223 P.2d 1045, 122 Colo. 489, 1950 Colo. LEXIS 274
CourtSupreme Court of Colorado
DecidedOctober 30, 1950
Docket16430
StatusPublished
Cited by19 cases

This text of 223 P.2d 1045 (Crowley v. Hardman Bros.) is published on Counsel Stack Legal Research, covering Supreme Court of Colorado primary law. Counsel Stack provides free access to over 12 million legal documents including statutes, case law, regulations, and constitutions.

Bluebook
Crowley v. Hardman Bros., 223 P.2d 1045, 122 Colo. 489, 1950 Colo. LEXIS 274 (Colo. 1950).

Opinion

Mr. Justice Alter

delivered the opinion of the court.

Velma Crowley and J. B. Crowley, her husband, instituted this action against H. E. Hardman, Kathryn Hardman, Bruce Hardman and Jessie Hardman, copartners doing business as Hardman Brothers, Elmer Archer *491 and The Western Casualty and Surety Company, seeking judgment for damages to their automobile and for personal injuries resulting from an automobile-truck collision. The Western Casualty and Surety Company, Bruce Hardman, Jessie Hardman and the partnership known as Hardman Brothers, appearing specially for that purpose, moved that they be dismissed as defendants for the reason that they were “neither necessary nor permissible parties defendant in said action.” The trial court granted the motion as to The Western Casualty and Surety Company but overruled it as to Bruce Hardman, Jessie Hardman and Hardman Brothers. At the conclusion of all the evidence, Bruce Hardman and Jessie Hardman moved that they be dismissed as defendants in the action, which motion was granted, leaving H. E. and Kathryn Hardman as defendants; the jury returned a verdict in their- favor, and appropriate judgment followed, to reverse which plaintiffs bring the cause here for review by writ of error. We will herein refer to the parties as plaintiffs and defendants or by name.

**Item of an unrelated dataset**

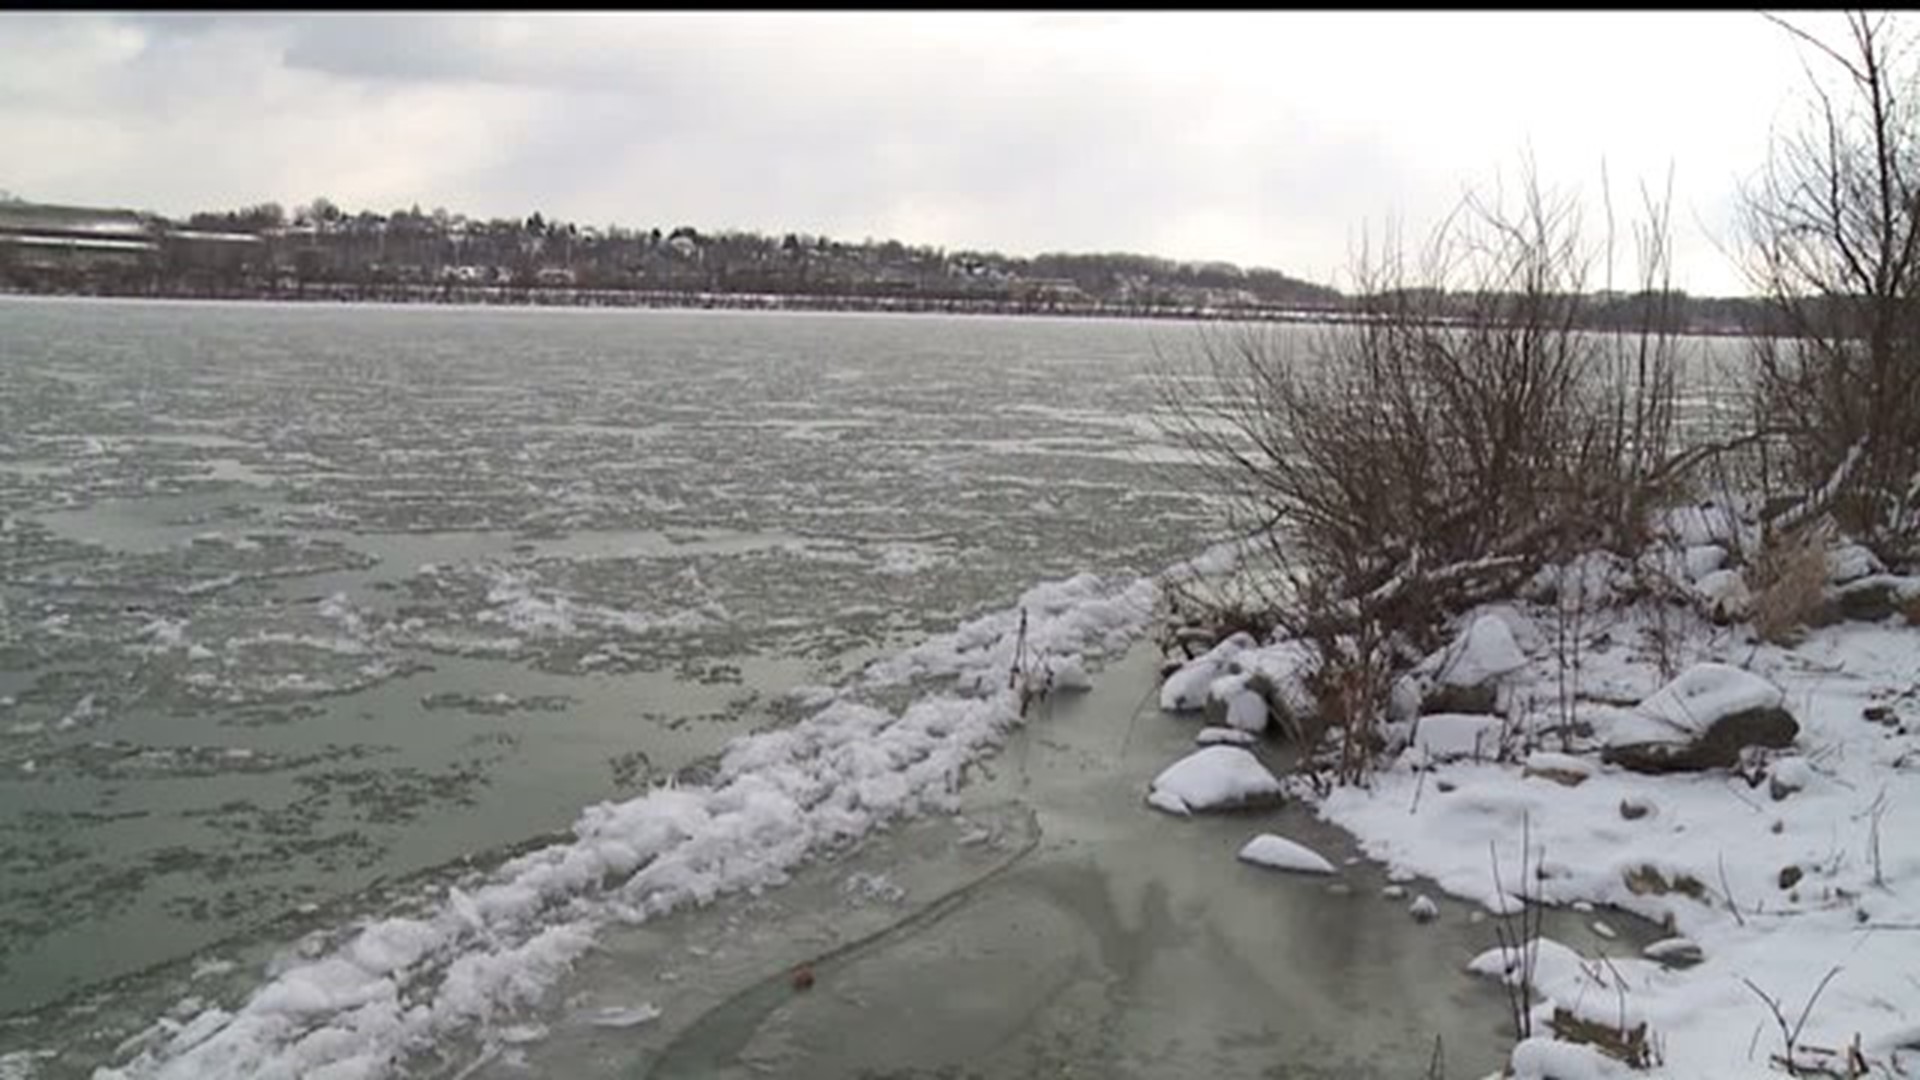 Ice on the river makes search for Medard Kowalski difficult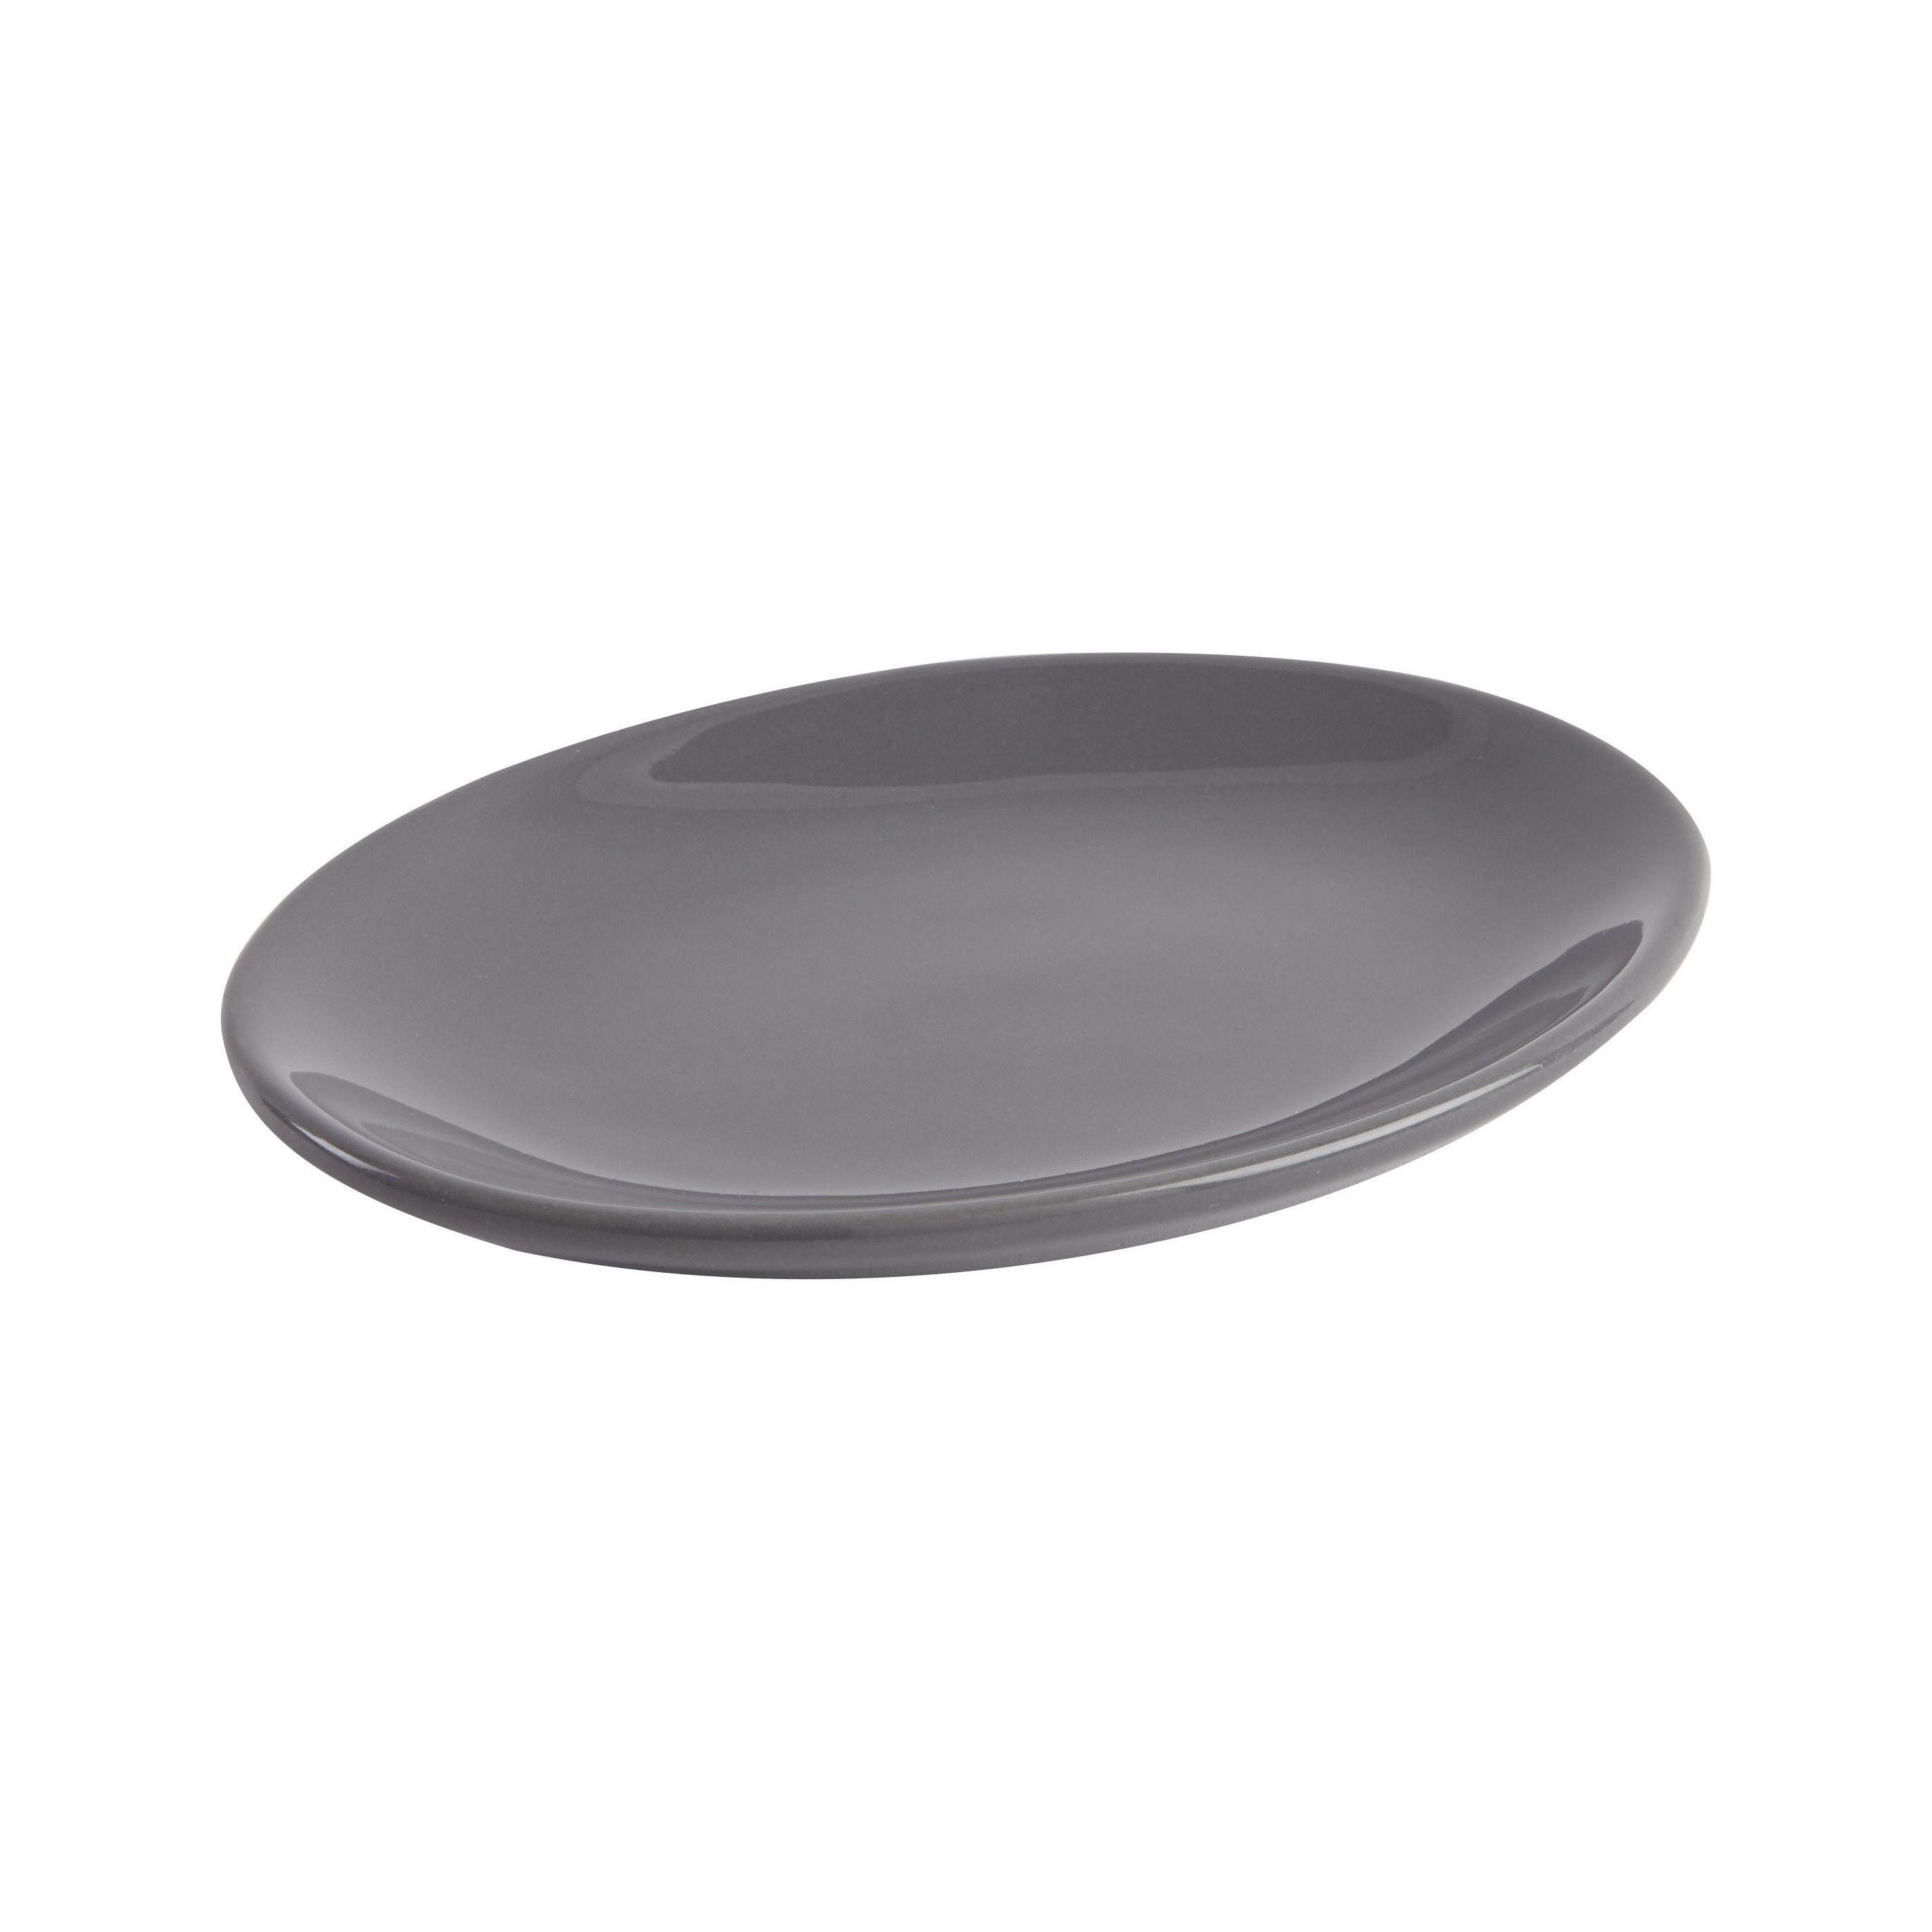 Cooke & Lewis Diani Anthracite Gloss Ceramic Soap Dish (W)105mm

■ In the complaint it is alleged that the Hardmans entered into a partnership agreement on the 26th day of July, 1948, for the purpose of transporting certain ores within a fifty mile radius of Dove Creek, and on the 31st day of July, 1948, made application to the Public Utilities Commission of the State of Colorado for a certificate to operate such transportation service. It further is alleged that H. E. Hardman and Kathryn Hardman owned the certificate of title to the truck involved in the accident; further, “That on the said 9th day of August, 1948, the Defendant' Western Casualty and Security Company, an insurance corporation doing business in this state, had in effect its. liability insurance policy in favor of Defendants H. E. Hardman and Kathryn Hardman in the sum of Ten Thousand Dollars ($10,000.00), for injury or death to all persons, arising out of their operations with said 4-ton International *492 truck Motor Number RED 4502205245, Model KBR 1-L, as provided by law and the regulations of the Public Utilities Commission of this state.” It is also alleged that the truck was used by the partners in transporting ores and supplies, and that Elmer Archer, one of the defendants, was employed by Hardman Brothers to operate said truck; that on August 9, 1948, at about 5:30 o’clock P.M., and while Archer was acting in the scope of his employment, he negligently and carelessly operated the truck belonging to H. E. Hardman and Kathryn Hard-man so that a collision with plaintiffs’ 1942 Buick automobile occurred, resulting in damages for which, as hereinbefore stated, judgment was asked. It also is alleged that Velma Crowley was a housewife and engaged in performing the duties of a wife, and, as a result of the injuries received by her in said accident, she was unable to perform such duties and suffered permanent injuries, for which, together with damages to the Buick automobile, plaintiffs demanded judgment in the sum of $25,000.00.

Thereafter plaintiffs filed their amended complaint, omitting as one of the defendants in the action The Western Casualty and Surety Company, and in the answer and replication thereto the same omission also is made. At the conclusion of all of the evidence, plaintiffs requested, and were granted, permission to further amend their amended complaint, setting forth specifically the damages and injuries which plaintiffs sustained as a result of the accident.

The defendants filed their answer, admitting the partnership, the application for a certificate of public convenience and necessity; the ownership of the truck in defendants H. E. and Kathryn Hardman as alleged by plaintiffs, and its involvement in the collision. By their answer they denied that Archer was an employee of the defendants as partners and affirmatively alleged that he was the employee of the defendants H. E. and Kathryn Hardman only. Archer’s negligence was denied, and *493 the. damages and injuries allegedly sustained by plaintiffs were denied because defendants did not have “sufficient information upon which to base a belief as to said allegations and therefore deny the same.”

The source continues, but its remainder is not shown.